At Agroscope, the ‘Swiss centre of excellence for agricultural research’, in Nyon, Switzerland, agriculture scientists fly a drone to study nitrogen level in leaves, not for a farm as a whole, but for each individual plant. The drone takes a large number of images, which when fed into a computer model with data on soil condition, weather, time of the year and other information helps analyse which plants are deficient in nitrogen, enabling farmers to add corrective fertilizer only where necessary. Sensefly, a Swiss drone manufacturer, has customers around the world whose use of drones has resulted in higher yield (more than 10% in observed case studies) and significantly lower usage of fertilizers and herbicides.
For a country with a population of over eight million, Switzerland has an enormous number of people interested in flying drones and developing drone-based applications. Simon Johnson, the Vice-President of the Drone Industry Association Switzerland, envisions the use of drones in public transport in the not too distant future, as well as setting up drone hubs — mini airports, where drones carrying people and cargo can congregate.
While the rest of the world has been soaring ahead in making the futuristic promise of unmanned flying vehicles a more immediate reality, India has largely been dragging its feet. Up until the end of August, flying a drone was mostly illegal here. With the publication of the drone regulations in late August, the Ministry of Civil Aviation has attempted to give some structure to the development of drone infrastructure in India. While announcing the publication of these guidelines, Civil Aviation Minister Suresh Prabhu made two points, the contradictions of which also highlight India’s lack of clarity on what it should do with drones. For one, he estimated the potential of the “drone market” in India to be $1 trillion. And in the next breath he said India’s security environment necessitated extra precautions.
It is with such a heavy eye on the precautions that the regulations have been drafted, that flying a drone is a task wrapped tightly in immense paperwork. The abbreviations themselves are more than a page long. India’s regulations separate drones into five categories — nano, micro, small, medium and large. There is very little regulation for flying a nano up to 50 metres height, except for not flying near airports, military sites or in segregated airspace.
The paranoia kicks in from the micro category, starting with the application for a unique identification number (UIN) for each drone, with a long list of documentation including security clearances from the Ministry of Home Affairs (MHA) in several cases. Once the UIN is obtained, operators get to move to the next step — of having to apply for an Unmanned Aircraft Operator Permit (UAOP), implying more forms, more annexures and more submissions. Even to fly a micro drone below 200 ft, users have to intimate the local police station 24 hours prior. (One application requires that it be submitted with seven copies.)
Manufacturers of drones as well as technologists and researchers making applications using drones have to test fly these frequently, often several times a day. The structure of these regulations makes the possibility of a red tape-free flight very slim.

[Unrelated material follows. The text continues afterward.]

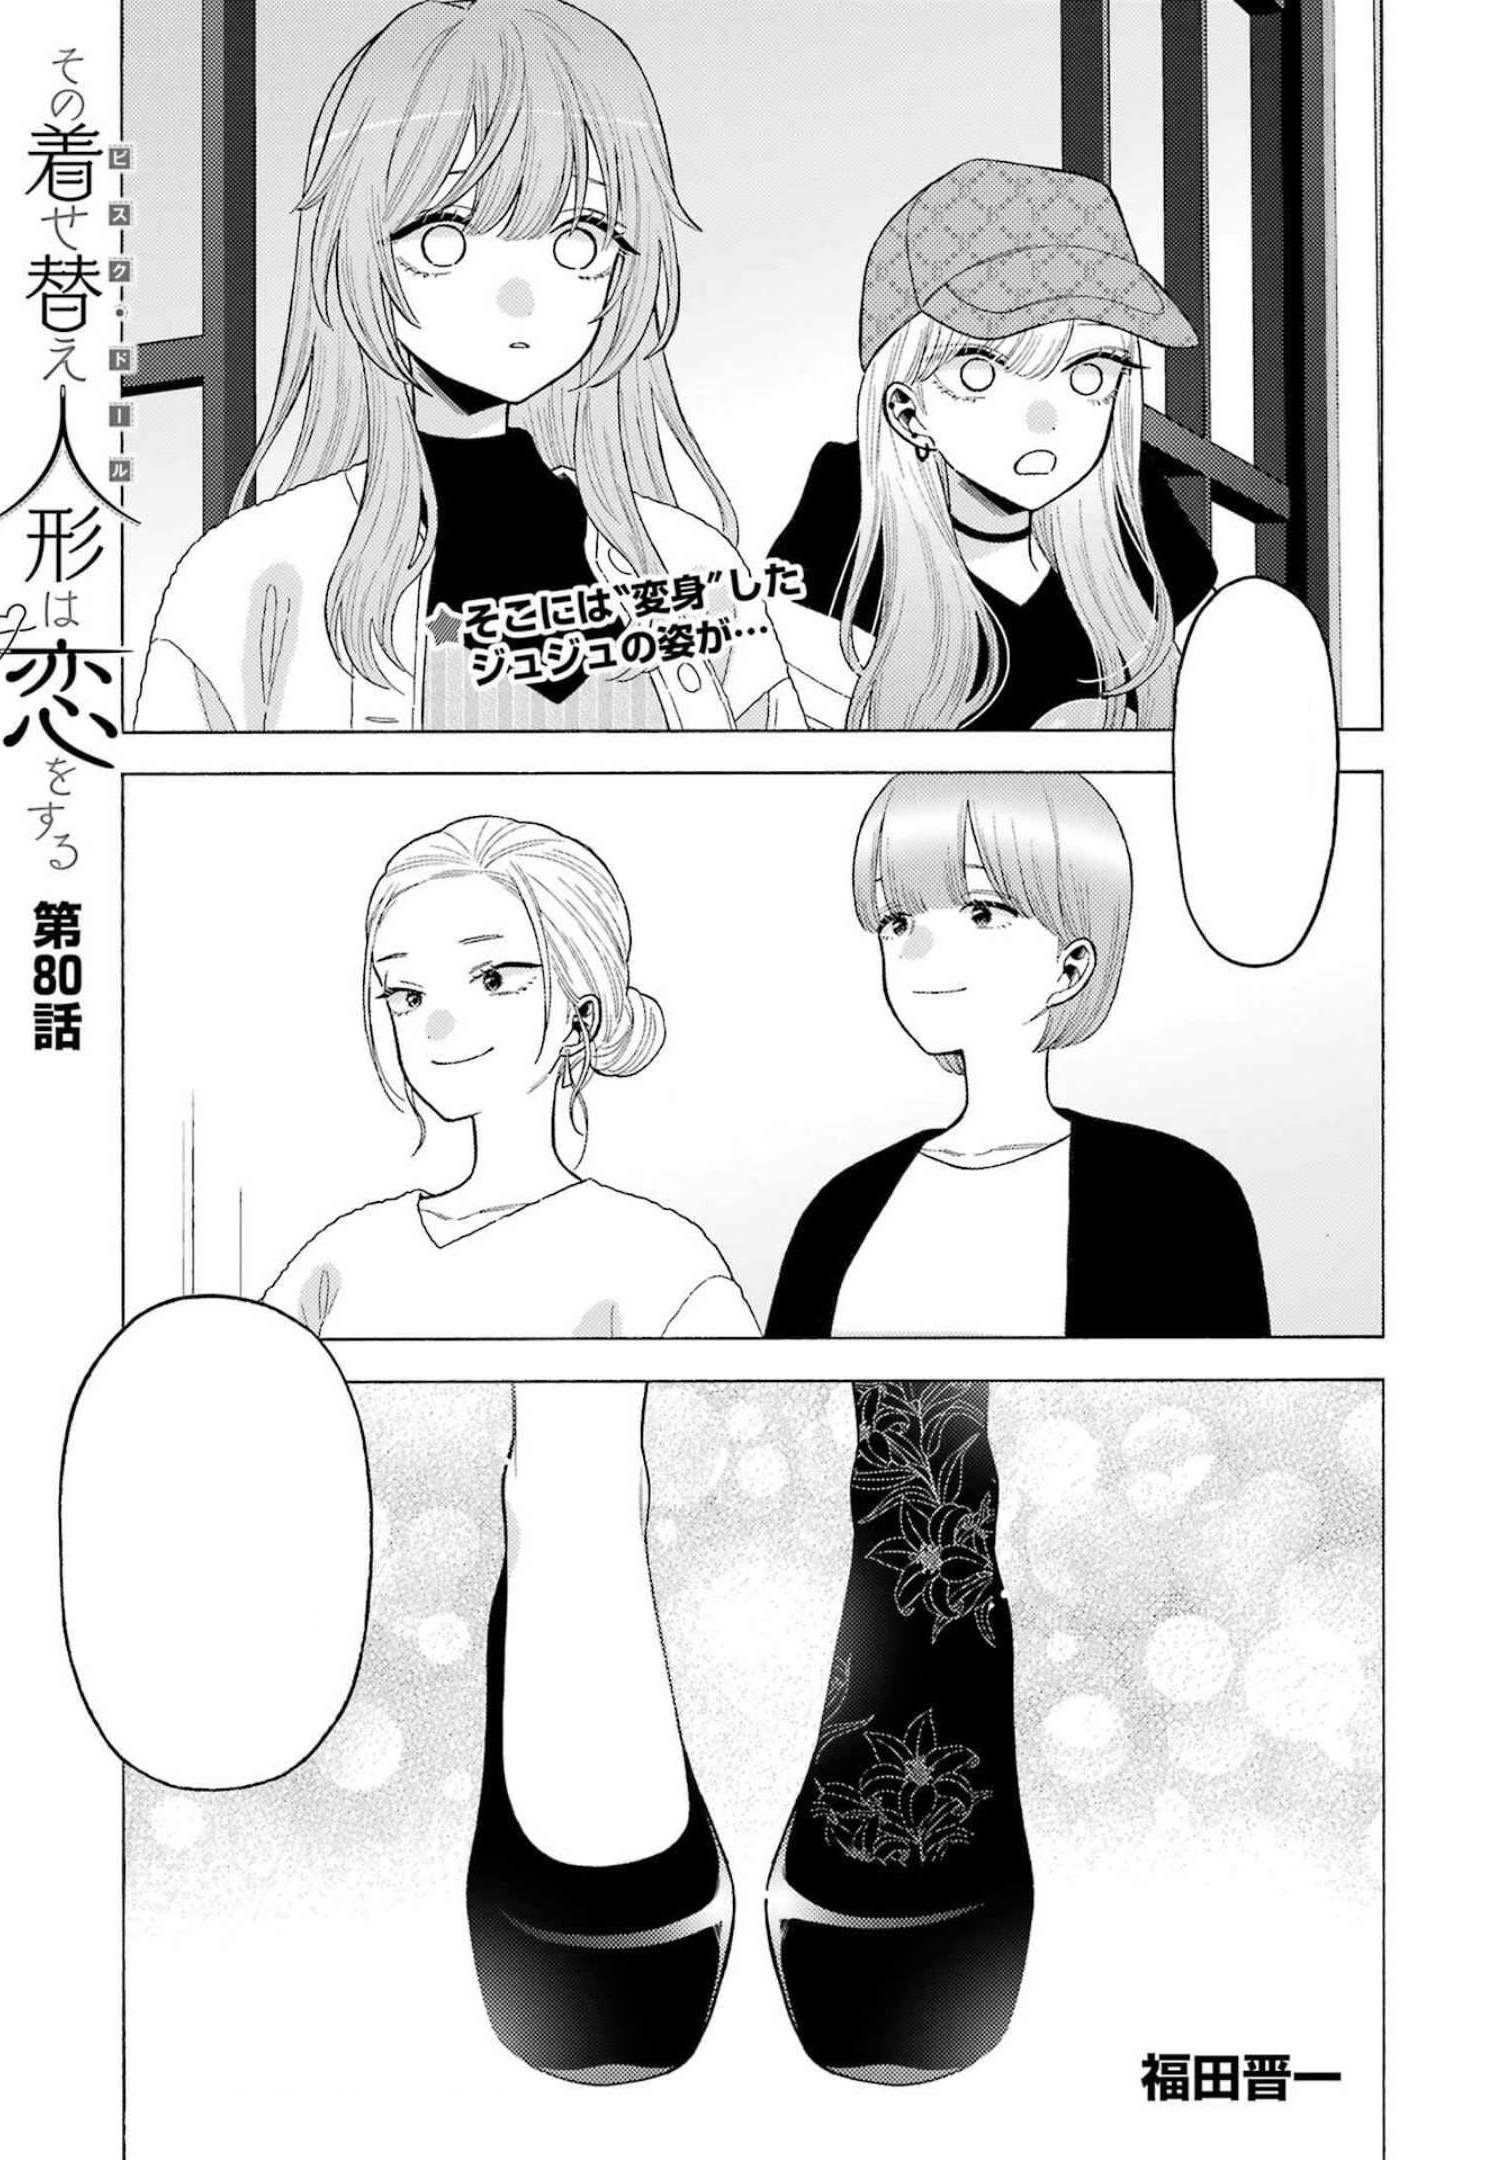 Sono Bisque Doll wa Koi wo Suru Capítulo 89 - Manga Online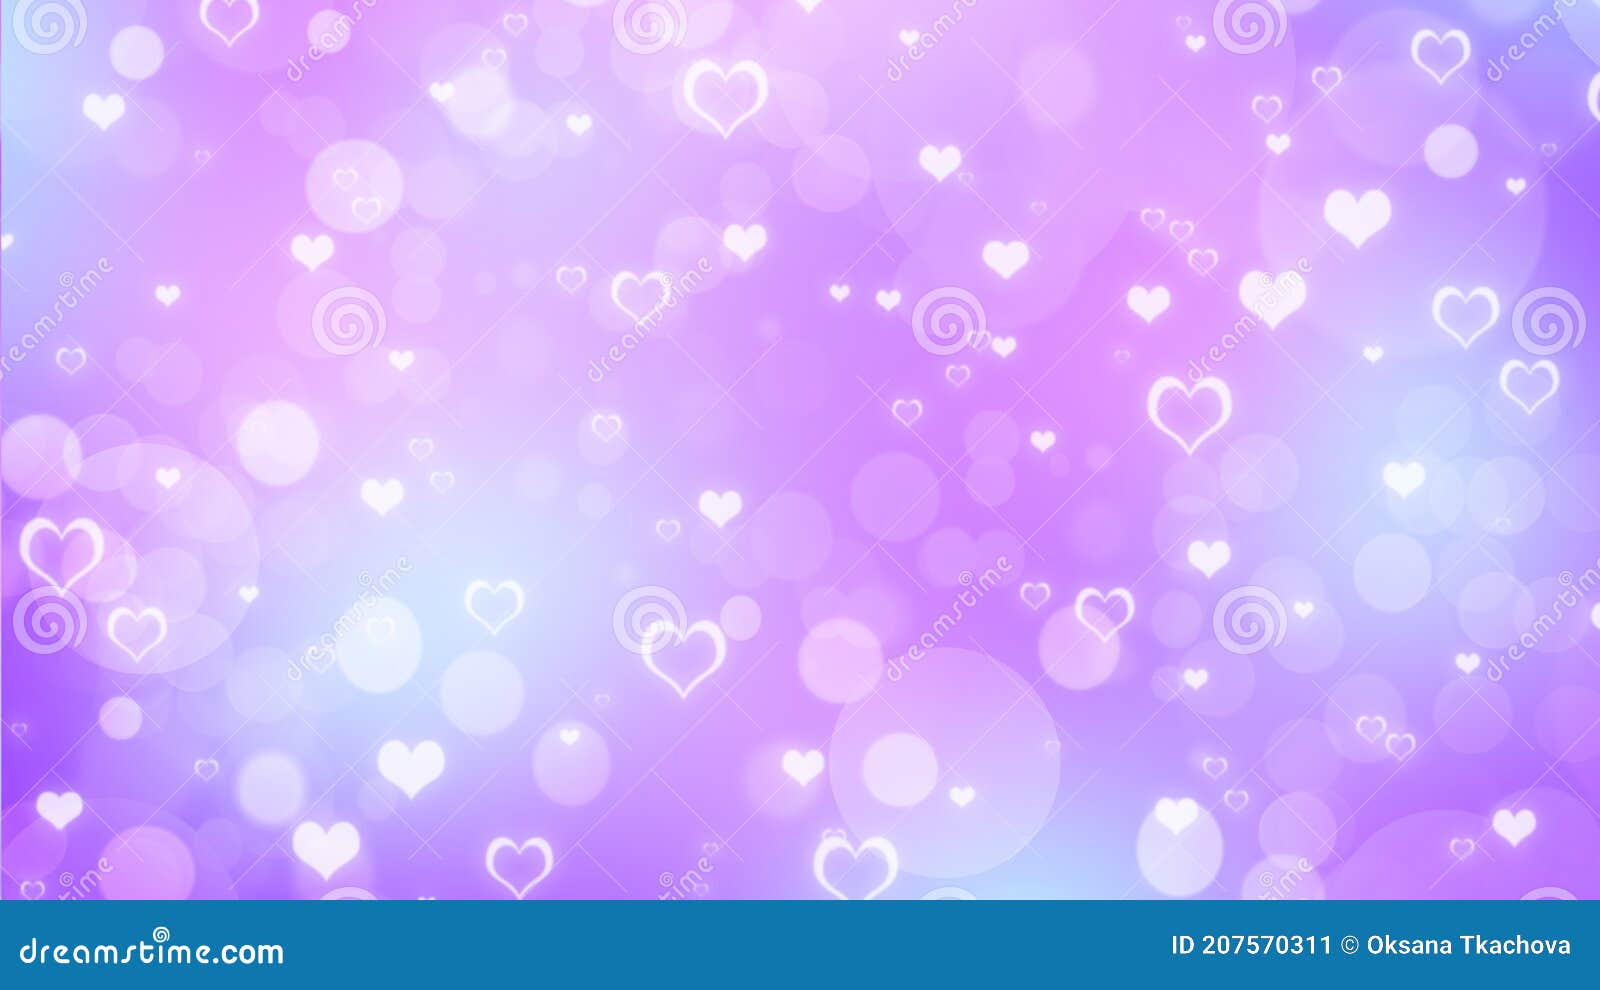 Những màu sắc tím, xanh dương và hồng nhạt lấp lánh trên nền đen, cùng trái tim trắng lung linh, sẽ đưa bạn vào một không gian mộng mơ và lãng mạn. Hãy xem ảnh để cảm nhận được sự tràn đầy cảm xúc này!

With so many government authorities involved in allowing permission and keeping an eye, it is inevitable that operators could be slapped easily with real and perceived violations. In an effort to make things slightly easy, the regulation provides a a list of identified areas for testing and demonstration. Flying drones in these areas comes with less paperwork. However, the locations provided are so far from technology and development hubs that it is unclear how practical these will be. In Karnataka, for example, the identified areas are Chitradurga, Coorg and Ganimangala village (which does not even appear on Google maps), all of which are around 200 km from Bengaluru entailing nearly four hours of travel one way.
The security and privacy risks of allowing drones to fly in an unregulated manner are high. It may be recalled that in August, a drone was used in an attack on Venezuelan President Nicolás Maduro during a public meeting. However, if India is to reach even the fraction of the $1 trillion potential that Mr. Prabhu sees, it needs to figure out a more balanced manner of regulation. The current rules are a start, but only in the sense that they free all drones from their previous illegality. The real impact of drones will be in the many applications they will be put to. Agriculture is just one such. They are likely to be the disaster prevention systems, rescue operation leaders, and even public transport providers in the not too distant future. Missing out on working on these applications early enough will likely have serious repercussions to India’s future competitiveness in the field.
China’s drone economy — manufacturing and development — will be worth $9 billion in 2020, while the U.S’s commercial drone market is expected to be $2.05 billion by 2023 (Global Market Insights). For India to compete against these giants, it already has a lot of catching up to do. Filing a series of applications in multiple copies and waiting for various government departments to respond is not the best way to get started.